你且先去等着,蕃库库银解出便通知你來提运。”
其实,蕃库的银子已经不足十万两,此前便多有挪用,拆了东墙补西墙。现在只能想办法在城中富户中借支一些來应急,所以才屏退了高振辅。这些事他可不想让人都悉数窥了去。
结果让赵秉谦万沒想到的是,往日里谦恭无比的城中富户们都一个个借口避而不见,还有的虽然勉强见了,却又张口闭口哭穷,总而言之就是一个字,要钱沒有,要命一条。
直到天将渐晚,赵秉谦失魂落魄的回到了布政使衙门。他知道,银子沒借來,自己要完蛋了。这时有家丁神秘兮兮來报:“老爷,有人求见,不知见是不见。
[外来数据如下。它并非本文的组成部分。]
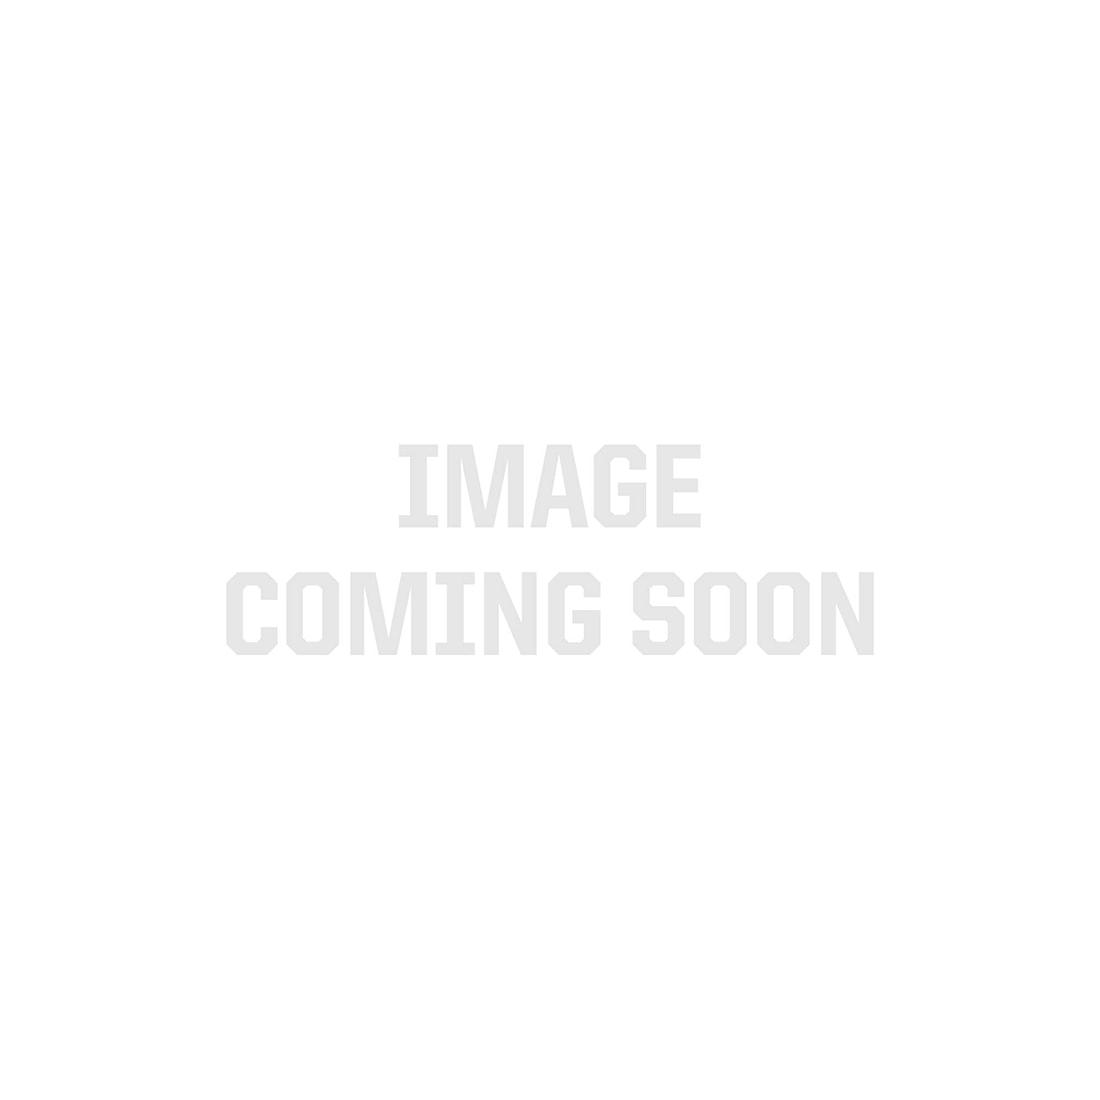 HyperFlex 2835 LED Strip Light - Red - 60/m - CurrentControl - 10m Reel
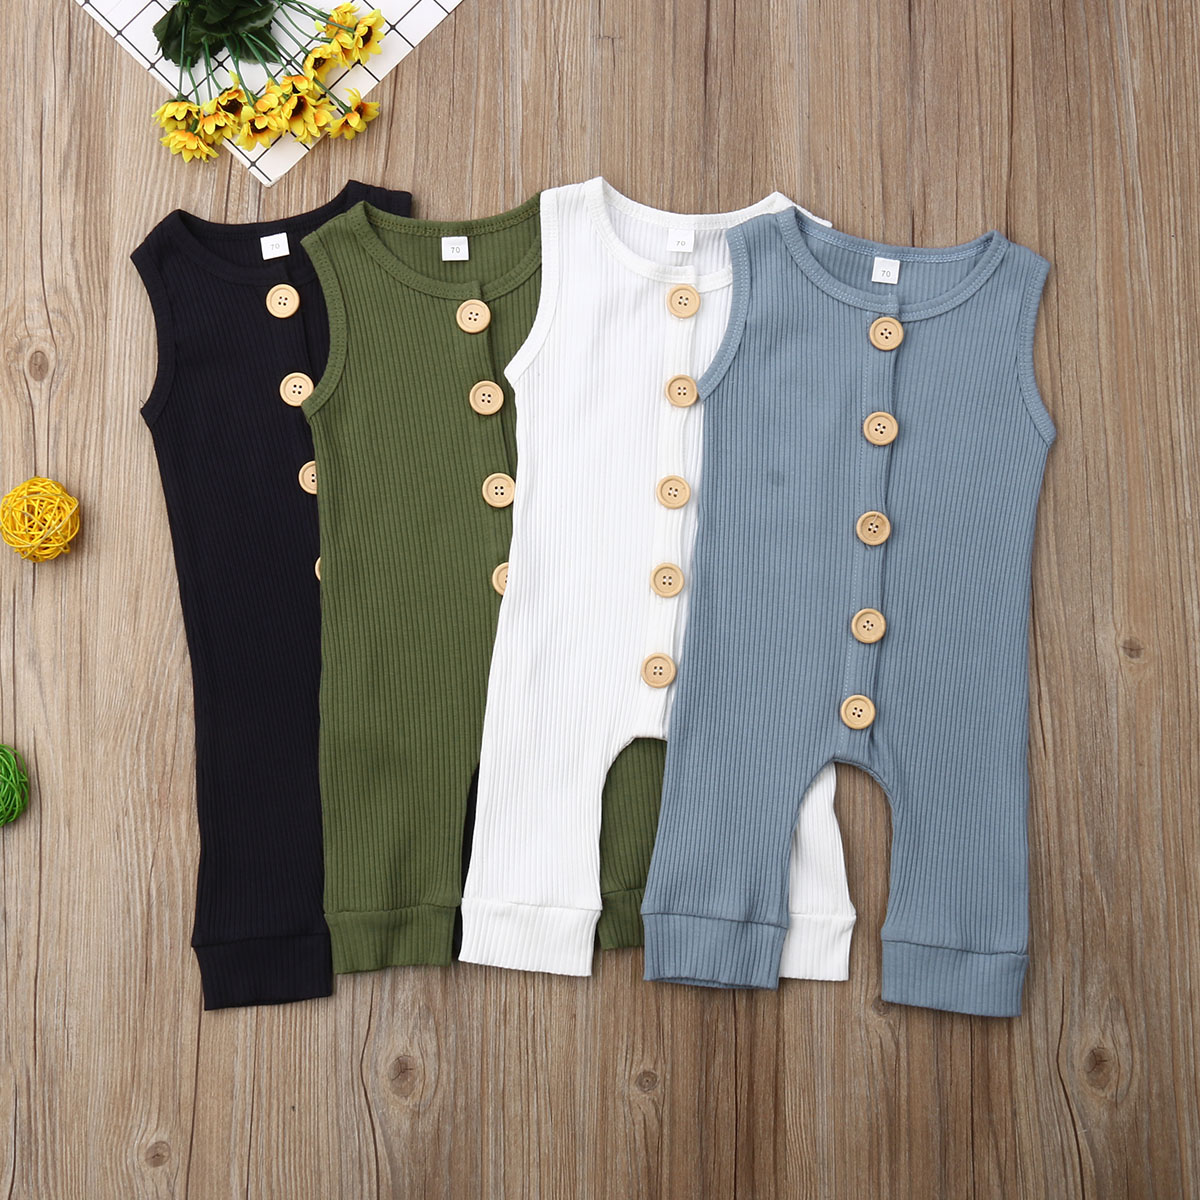 White Top Shirt Sailor Navy Blue Ruffle Baby Girl Pettiskirt Set 3-12m

”
赵秉谦一挥手沒好气的斥道:“都火上房了,见什么见,不见,谁都不见。”
不过家丁却沒有依言而走,反而站在原地又补充说了一句:“老爷,此人來自南京,一定要求见老爷。您见还是不见。”
“南京。”
赵秉谦立刻回过神來,一把揪住那家丁的衣领,将他拉到近前,低声问道:“从南京來。是镇虏侯的人。”
提到南京,赵秉谦第一个想到的自然是镇虏侯,只是他早就不对南京方面报以幻想,毕竟熊明遇是在自己的辖地遇袭被掳,李信的心腹陆九更是是生死不知。只怕现在南京方面恨不得自己倒霉才是。
家丁只从怀中摸出一封书信,恭敬的双手奉上。
“对方说,只要老爷看了信就一切都明白了。”
“快拿來我看。”赵秉谦急不可耐的拆开封口,将信笺从中抽了出來。一目十行的看了几眼,其间神色数度变色,然后又逐渐变得有些愣怔。片刻之后又潸然泪下,继而又激动的对那家丁道:“万想不到,万想不到,这真真是雪中送炭啊。”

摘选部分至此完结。